TASK:
Only the lines from the one containing "Yet @PHLschools shifts to virtual." through the final line of the material below should be output, exactly as they stand.

[Opening DATASET CONTENT section]

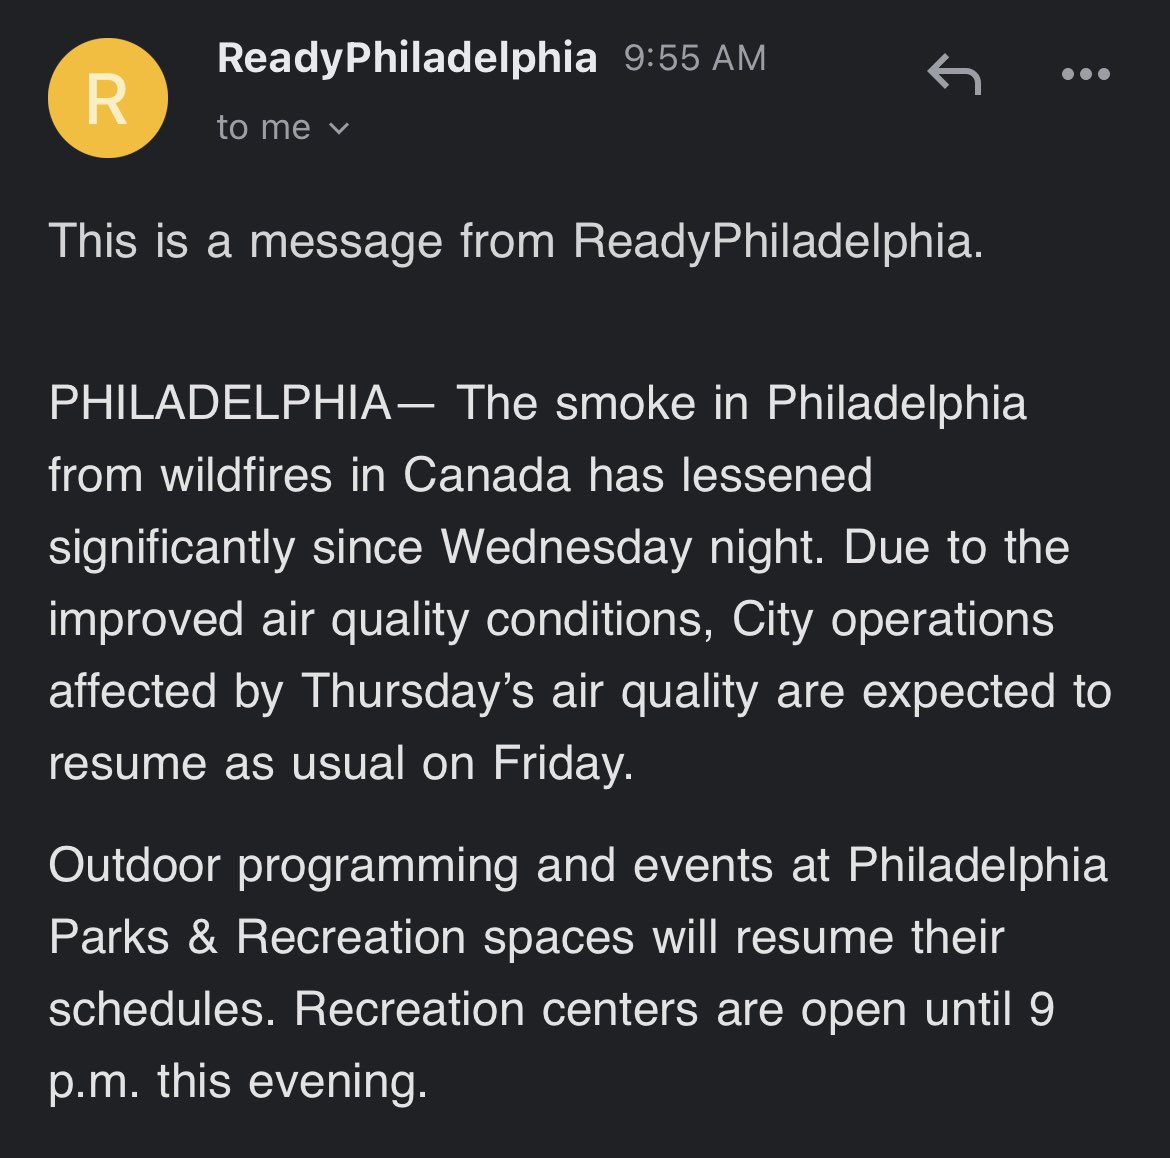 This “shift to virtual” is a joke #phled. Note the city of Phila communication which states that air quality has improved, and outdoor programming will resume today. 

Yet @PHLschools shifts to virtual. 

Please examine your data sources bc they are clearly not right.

[Closing DATASET CONTENT section]

SOLVED EXERCISE:
Yet @PHLschools shifts to virtual. 

Please examine your data sources bc they are clearly not right.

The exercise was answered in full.